> WORK INSTRUCTION
Reproduce the lines below exactly, from the one containing "Foods You Must" through the one containing "Catherine Opie: I'm", both included. Leave out any pictures.

> EXTRACTED DATA
::::::::

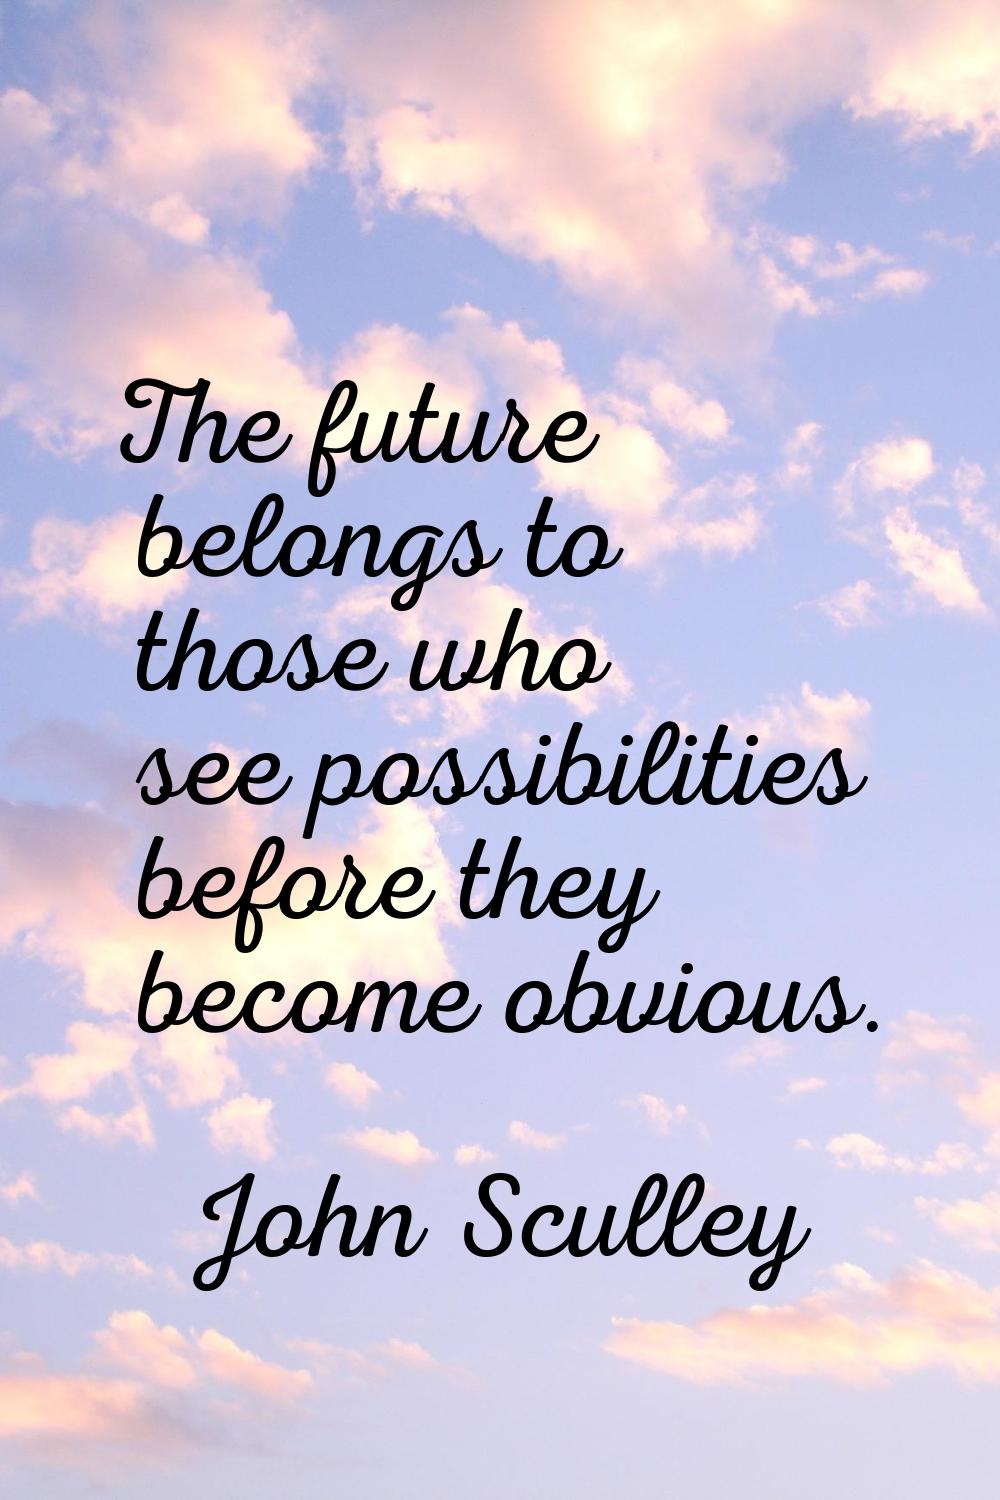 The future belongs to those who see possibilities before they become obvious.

::::::::

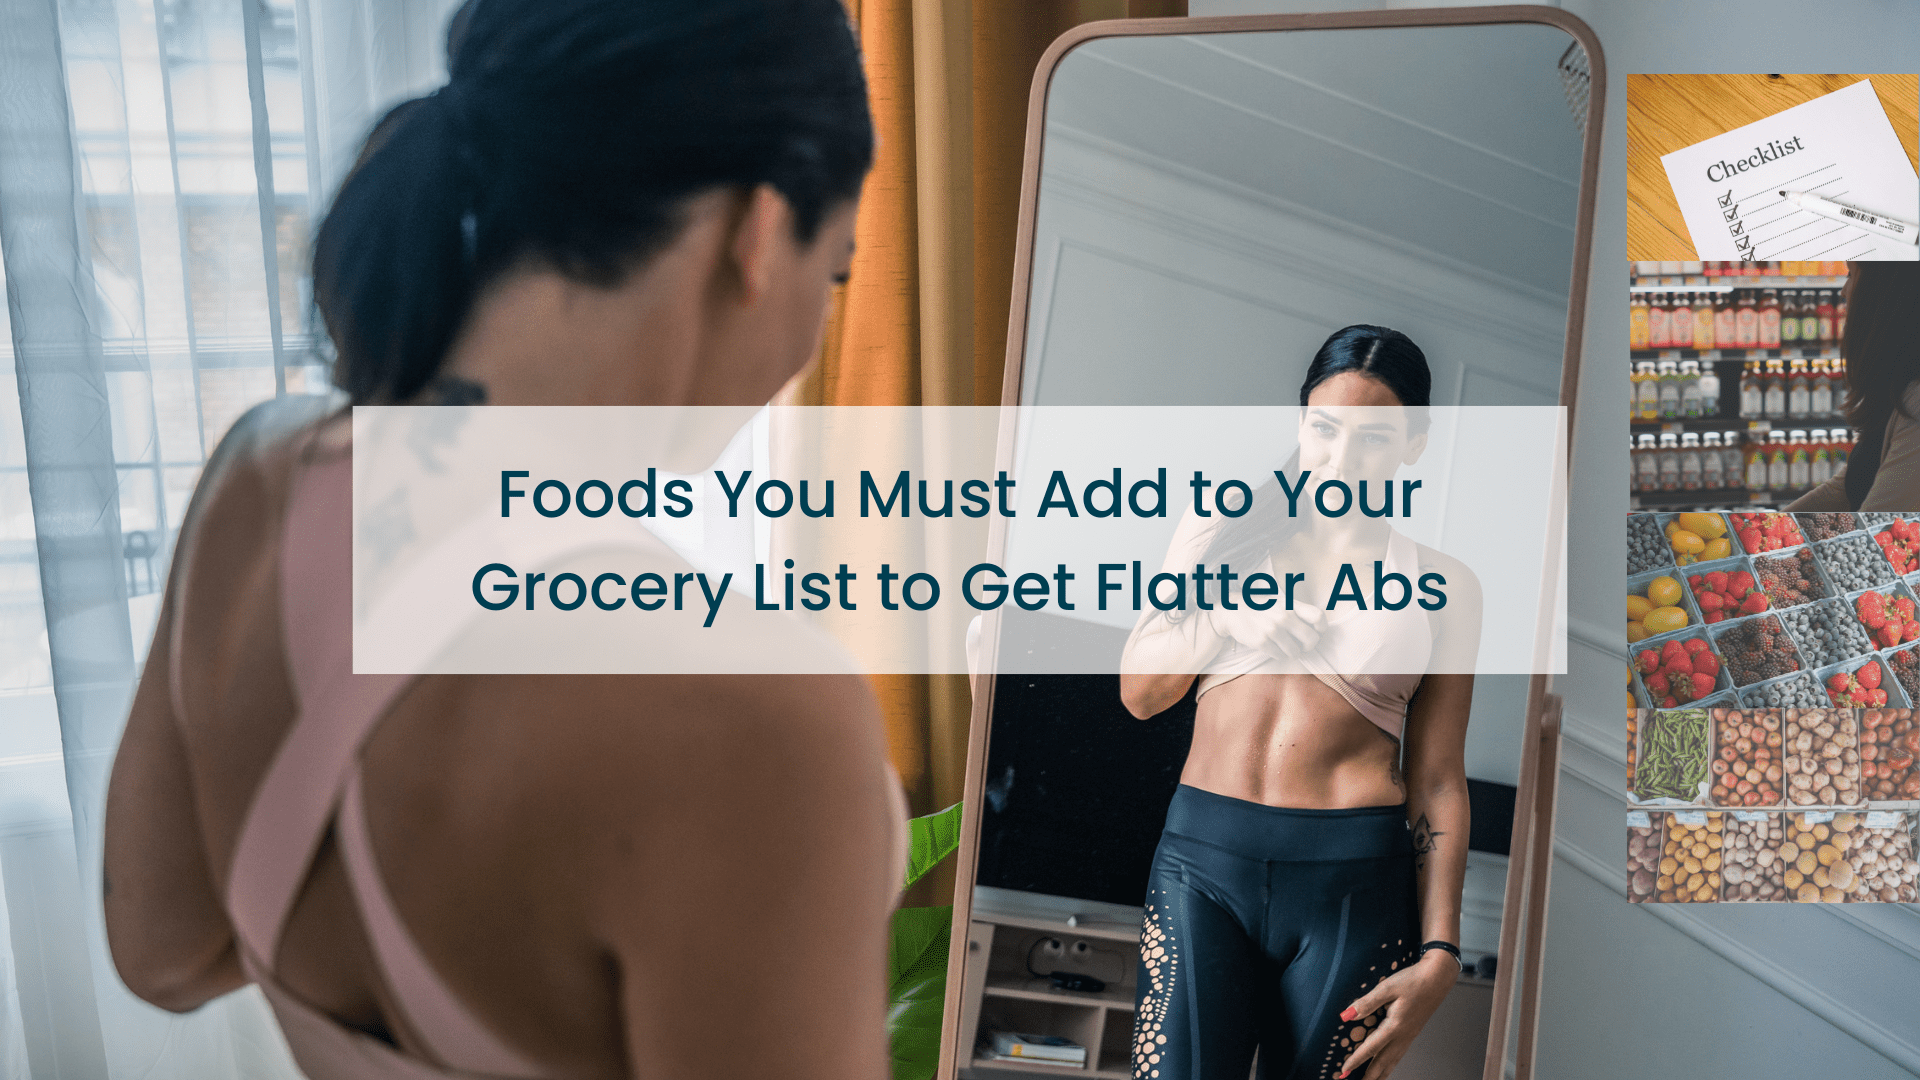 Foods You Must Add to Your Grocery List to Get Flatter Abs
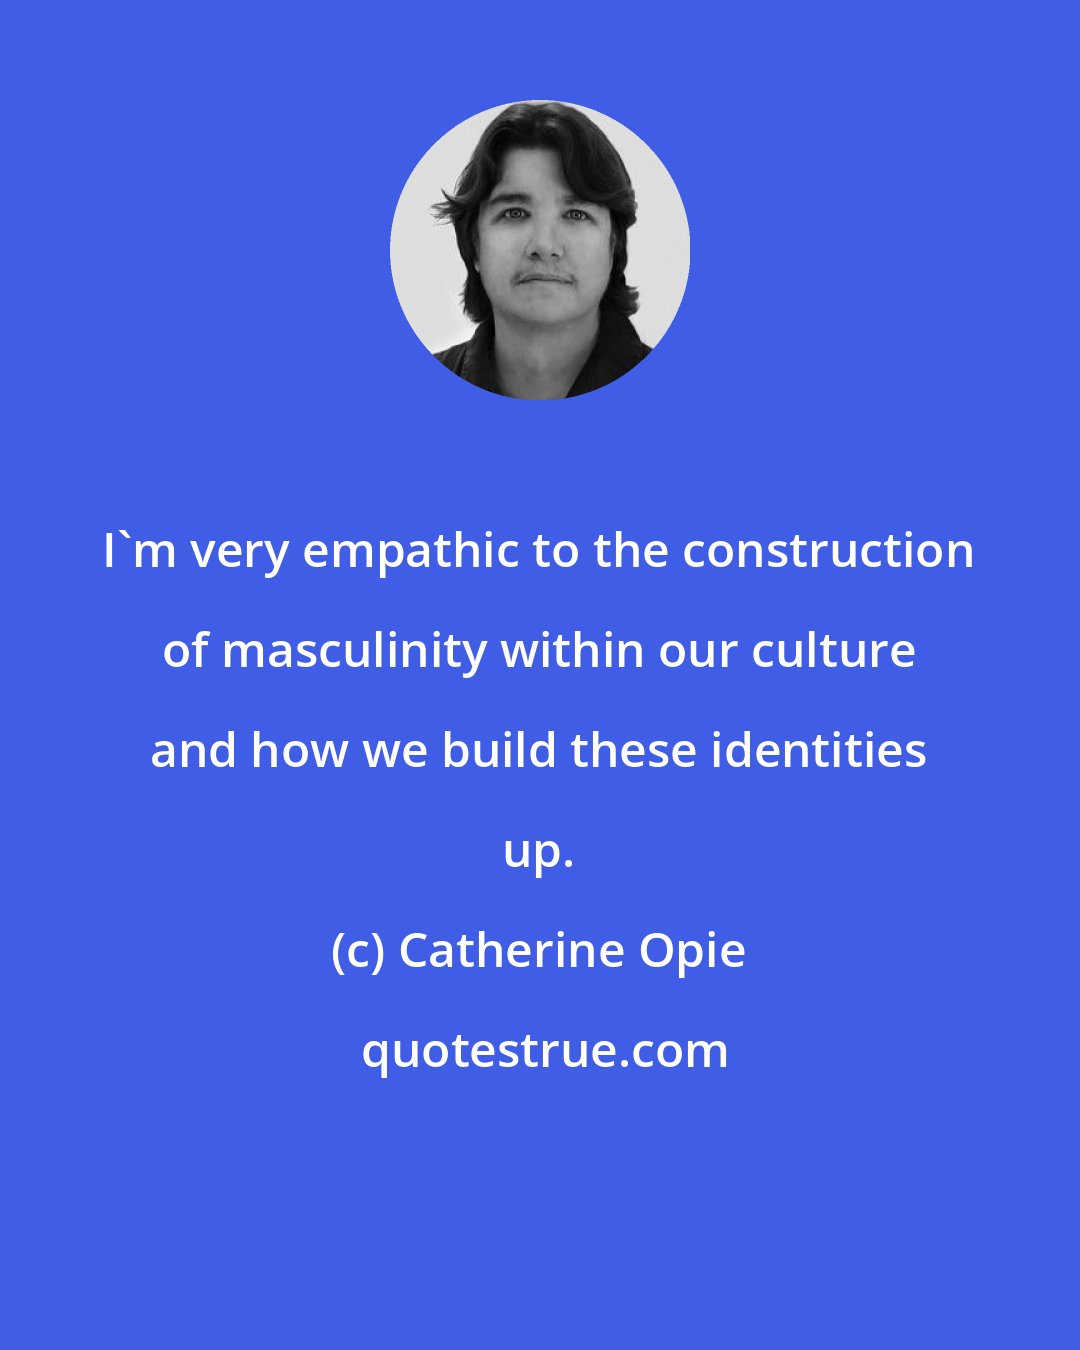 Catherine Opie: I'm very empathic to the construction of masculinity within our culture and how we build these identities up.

::::::::

> EXERCISE OUTPUT
 Foods You Must Add to Your Grocery List to Get Flatter Abs
 Catherine Opie: I'm very empathic to the construction of masculinity within our culture and how we build these identities up.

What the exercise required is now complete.